Poland has announced an investment of 4.6bn zloty ($1.2bn) from its 2025 budget to initiate the development of the nation's inaugural nuclear power plant (NPP), Bloomberg reported.
This move is a strategic effort to diversify the country's energy mix and reduce electricity costs, Poland finance minister Andrzej Domanski said in Olsztyn, northeast Poland.
He emphasised on the necessity of combining renewable energy sources with nuclear generation to achieve more affordable electricity prices.
Domanski disclosed the preliminary funding details for the project, which is poised to be the largest investment in the country's history, just days ahead of a cabinet meeting to discuss the upcoming year's budget proposal.
The government had earlier projected that around 60bn zloty would be needed for the 2025-2030 phase of the nuclear project, before additional funding from the US, which is providing the technology, becomes available.
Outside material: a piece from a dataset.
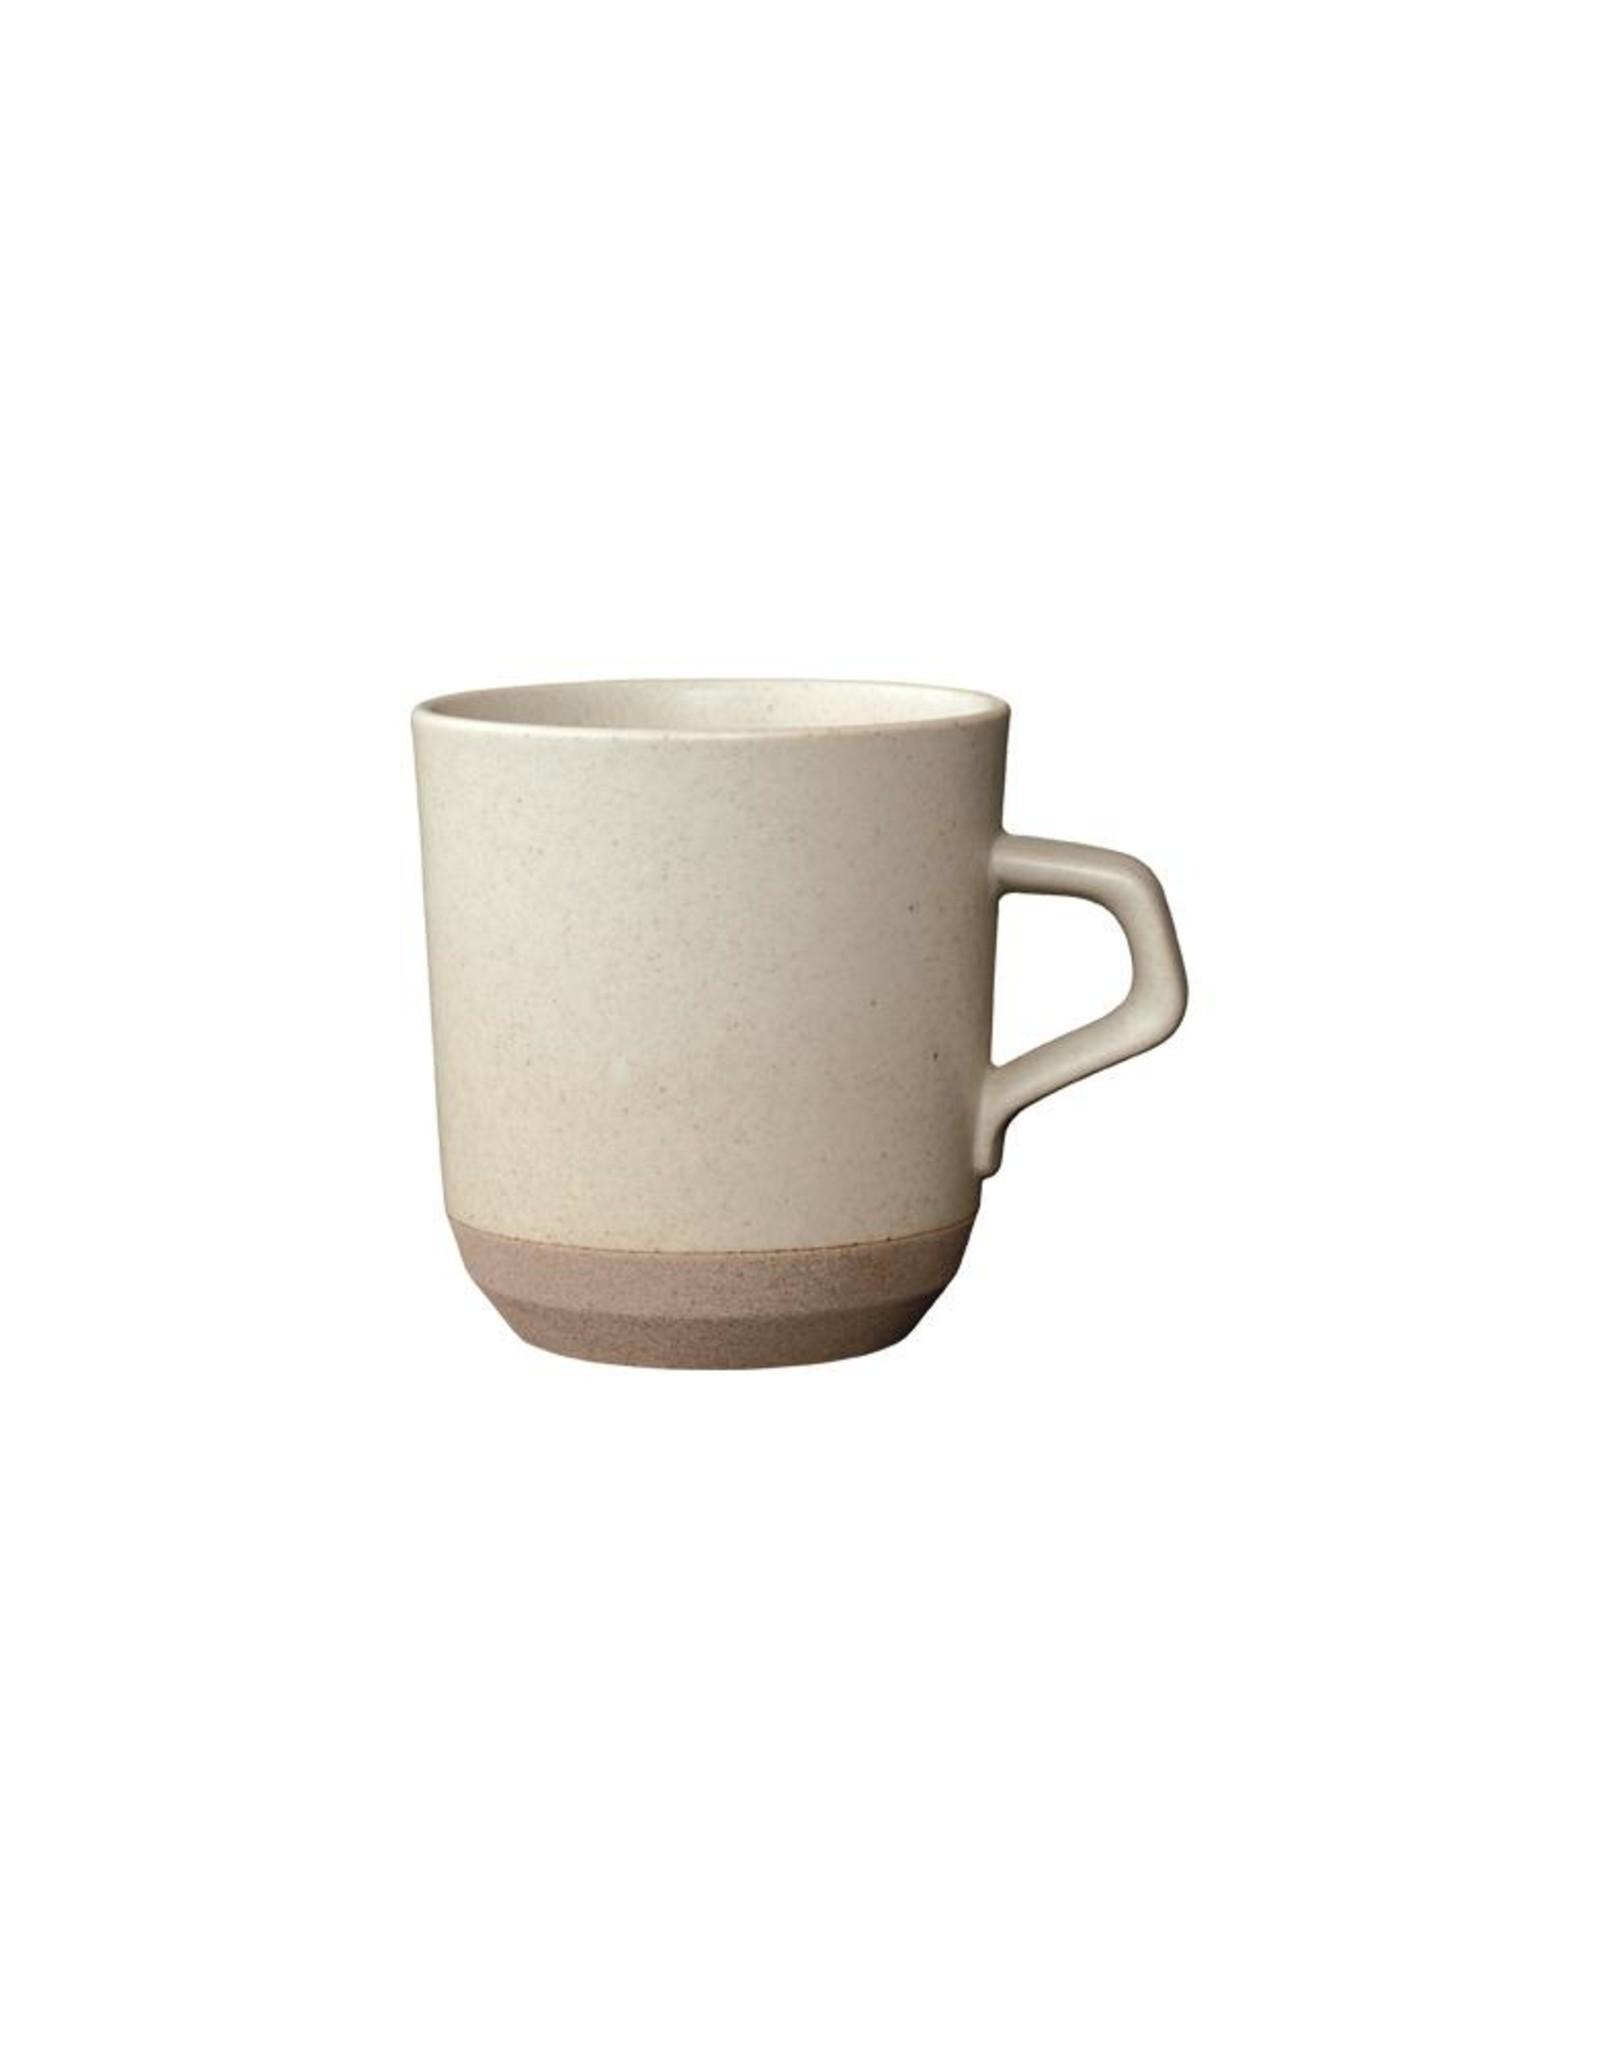 Kinto - Tasse en Céramique - 410 ml

The plant, which is expected to be situated near the Baltic Sea, is anticipated to commence operations in roughly ten years.
The International Atomic Energy Agency (IAEA) conducted a review mission in April, which praised Poland's progress in establishing the necessary infrastructure for nuclear power.
The Phase 2 Integrated Nuclear Infrastructure Review, which occurred from 15 to 25 April, was requested by the Polish Government. It aimed to assess the country's preparedness to either invite bids or negotiate a contract for its first nuclear power plant.
The review team “identified good practices that would benefit other countries developing nuclear power in the areas of contracting approach, strategic approach to funding, early authorisation of technical support organisations to support the nuclear regulator, engagement with the electrical grid operator, stakeholder involvement and industrial involvement.”
Earlier this month, the Polish Government revealed plans to introduce a loan programme for offshore wind energy worth approximately €5bn ($5.46bn), supported by the EU’s recovery funds.
State-owned bank BKG announced that the loan agreements will support projects with a minimum installed capacity of 300 MW.
These loans can be arranged until 31 August 2026, with repayment periods extending up to 2053.